Thursday, May 1, 2014

Window on Eurasia: Moscow Will Face a Partisan War if It Moves Deeper into Ukraine, Shukhevich Says



Paul Goble

            Staunton, May 1 – Ukrainians have “enormous experience” with partisan war and will draw on it if Kyiv surrenders any more Ukrainian territory to Russia or if Moscow seizes any on its own, according to Yury Shukhevich, the leader of the Ukrainian National Assembly-Ukrainian National Self Defense (UNO-UNSO) organization.

            Shukhevich and the UNO-UNSO are often dismissed as marginal figures, but his argument here may be important because the prospect of facing such resistance is probably among most important factors keeping Moscow from moving to annex larger parts of Ukraine. (gordonua.com/news/separatism/-SHuhevich-V-Ukraine-ogromnyy-opyt-partizanskoy-borby-my-razorvem-Rossiyu-iznutri-20551.html).

            As many countries have learned, it is one thing to seize territory; it is quite another thing to pacify it, especially if a significant portion of the population is antagonistic and prepared to engage in partisan war.  The number of troops, the amount of money, and the time required for the second are all far greater than for the first.

            Shukhevich, the son of the commander of the Ukrainian Partisan Army and a man who spent 31 years in Soviet camps, said yesterday that he “would not be surprised if the current Ukrainian authorities will surrender [even] Lviv and Uzhgorod,” two cities in the far western portion of Ukraine.

            “The Ukrainian government and parliament don’t work as is clear with regard to the situation in the southeastern part of the country.  Now they have ‘surrendered’ the Donbas just as they did earlier Crimea,” he said, adding that he had “no answer” as to why they had felt that they had to act that way. And tomorrow, they may hand over even more.

            Ukrainian President  Aleksandr Turchinov, Shukhevich continued, had not acted soon enough in the east and should have changed the leaders of the Ukrainian force structures there “much earlier and not in the very midst of the conflict.” Indeed, he should have replaced the militia in the east with men from Vinnitsa, Cherkassk, and Zhiromyr oblasts.

            But if the Ukrainian government doesn’t want to fight or feels it can’t, that not the case with the Ukrainian people. The 45 million of them have “a historical memory about conducting partisan wars,” and consequently, “if Russian forces advance into continental Ukraine, they will get a new Chechen war, one more terrible than the original.”

            And that will have an impact on Russia itself: “an underground and partisan struggle” in Ukraine “will become a detonator” that will “blow up the Russian Federation from the inside.”

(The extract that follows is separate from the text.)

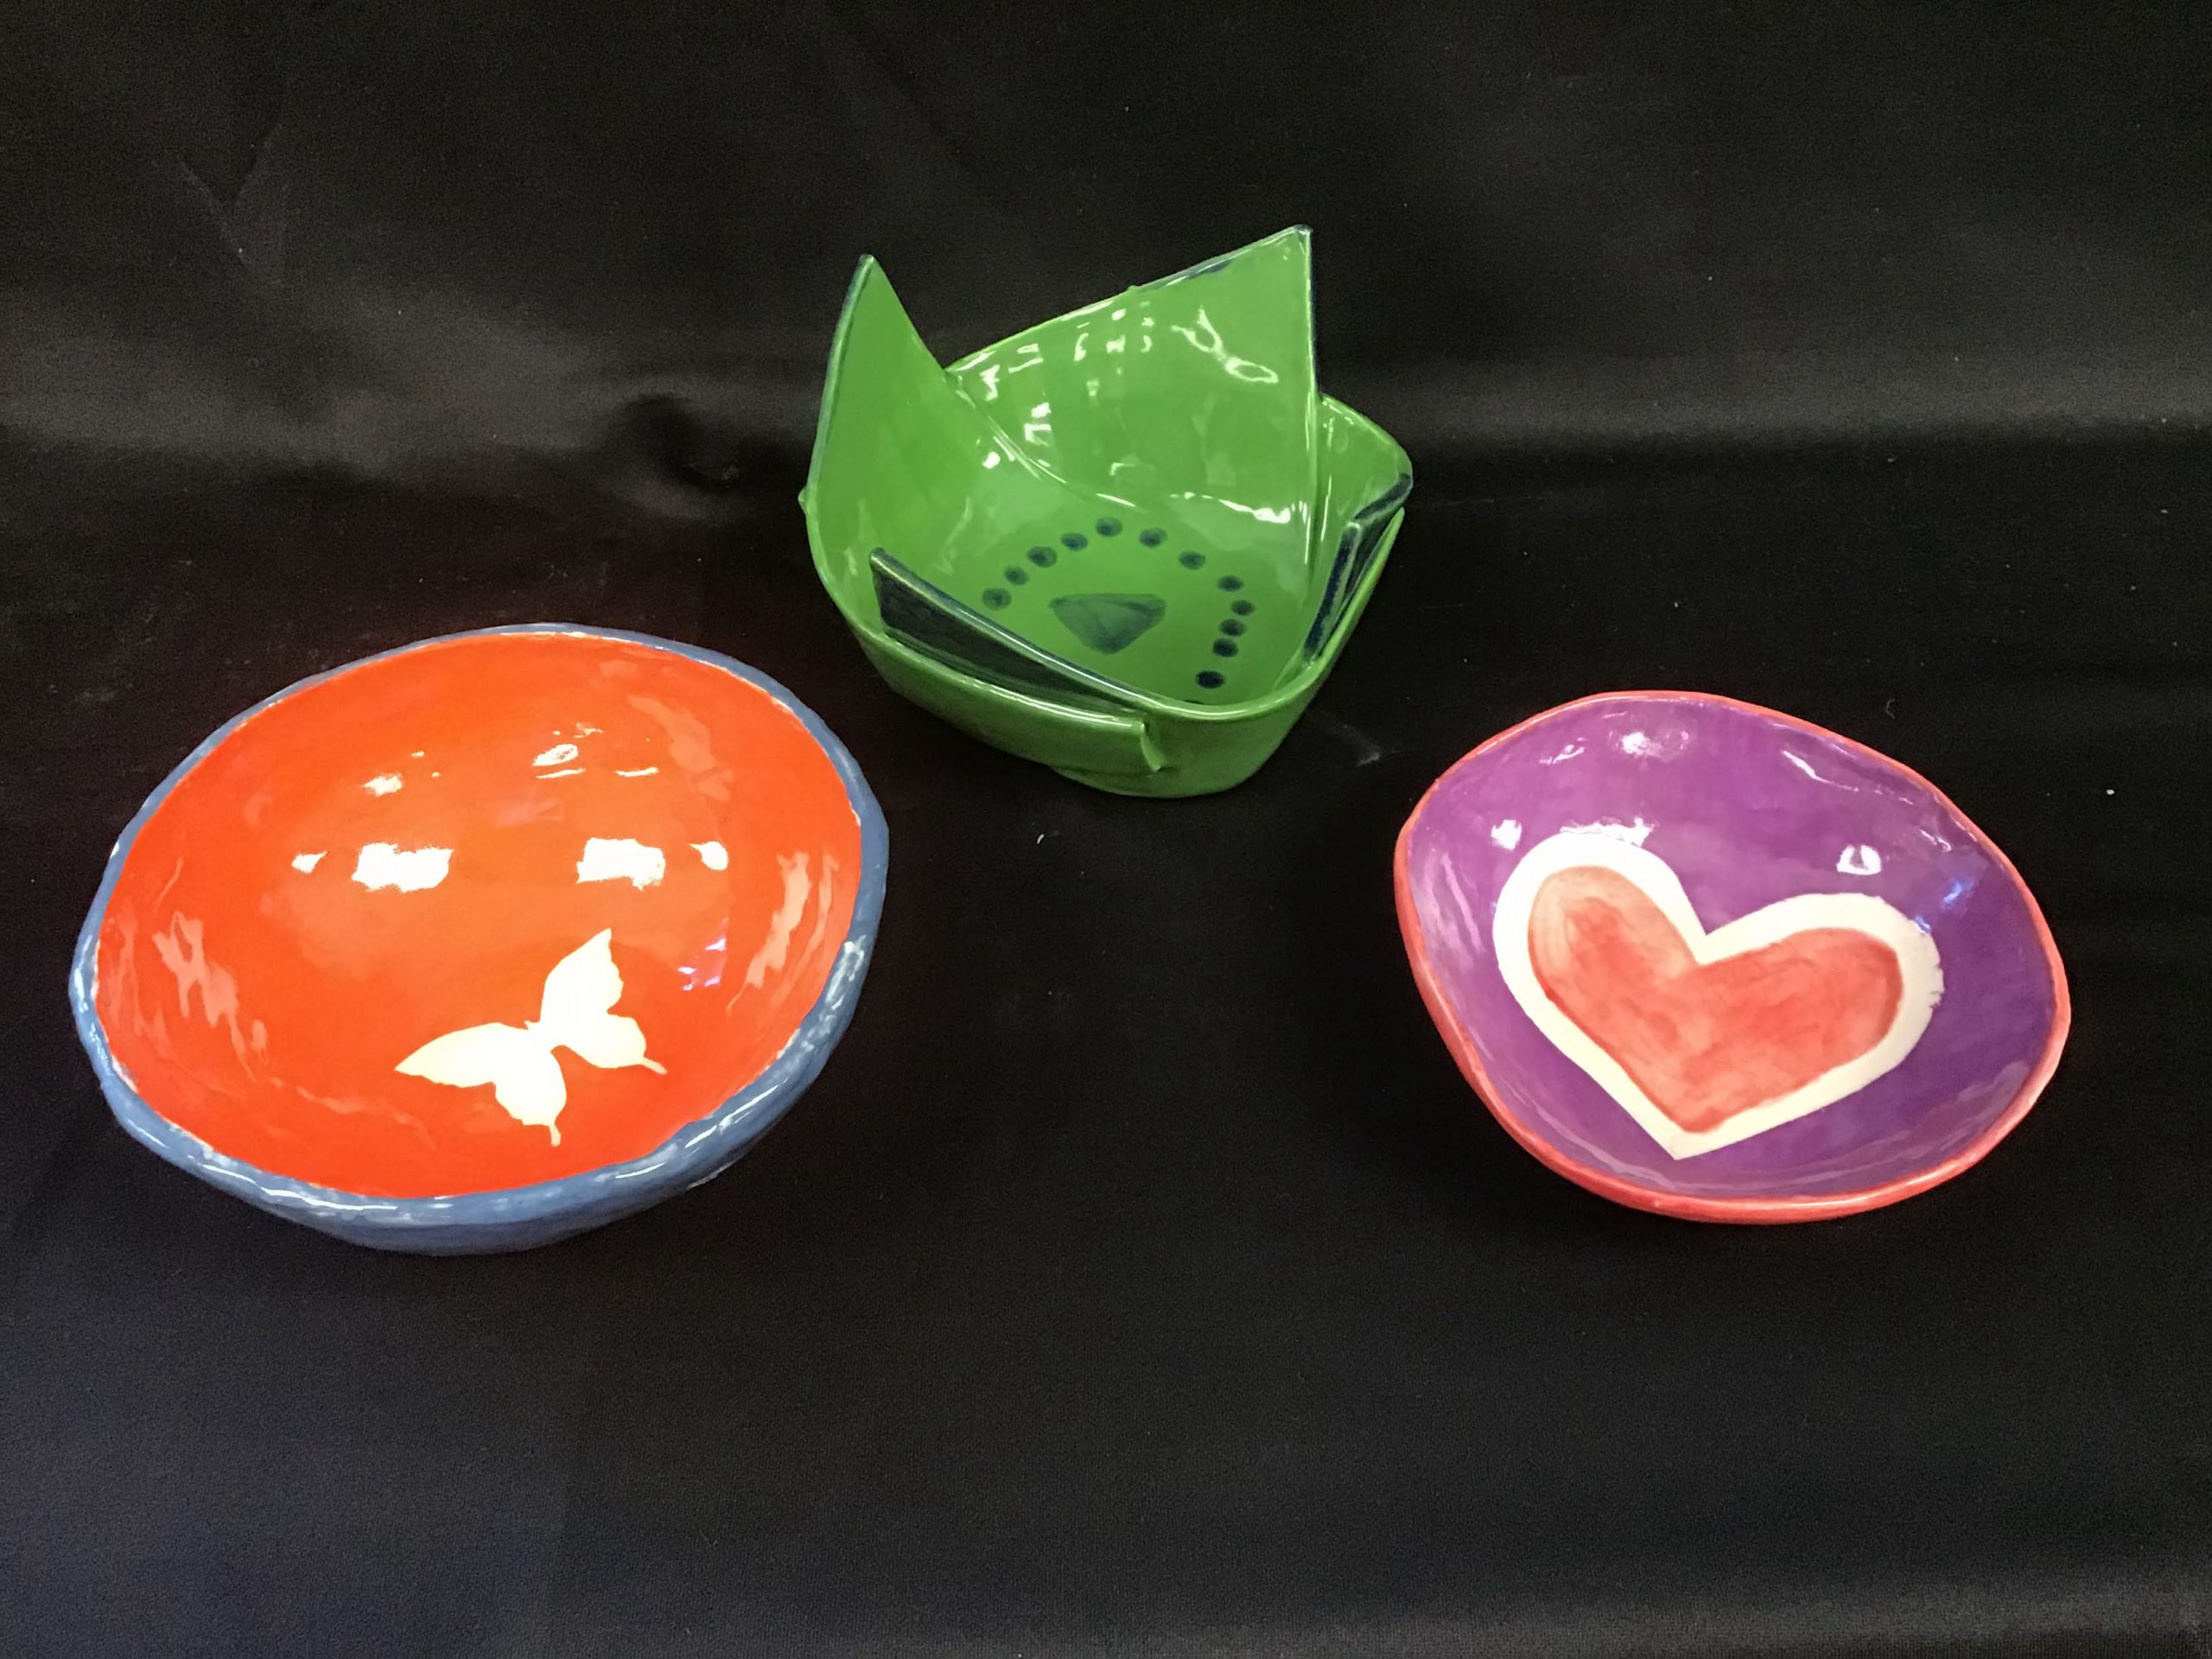 You are currently viewing Empty Bowls Old Rochester Regional High School

            At a time when many in Kyiv are talking openly about Ukraine’s defeat in the east and even the impossibility of opposing Russian forces, Shukhevich’s argument is worth keeping in mind as is the one presented by Andrey Arkhangelsky about a fundamental shift in Ukrainian thinking at the popular level (colta.ru/articles/society/3075).

            On the basis of his travels in Lviv and elsewhere in western Ukraine, the journalist draws three conclusions: First, the Russian threat is “playing into the hands of the old nationalism” because “militarism and nationalism always working as a pair.” In short, “Russian pressure is strengthening the position of local nationalists.”

            Second, this nationalism is not being driven because people have memories direct or otherwise to the pre-Soviet past but rather because they very much have memories of the fact that “nothing in history lasts forever” and that one of the reasons the Russians won before was because their ancestors “sat quietly by their radio sets” rather than acting.

            And third, Arkhangelsky says, “when ‘history’ begins, the residents of small countries, who are non-political always feel themselves passive participants, objects not subjects.” But now “for the first time,” Ukrainians “themselves have become the subject and even the catalyst of history.”

            “They didn’t intend to go so far,” he suggests, “and it seems that they cannot understand what this means and how they should relate to it.  But,” he concludes, “there is already no path back.” And that is something they very much do understand, even if the governments in Kyiv and other capitals do not.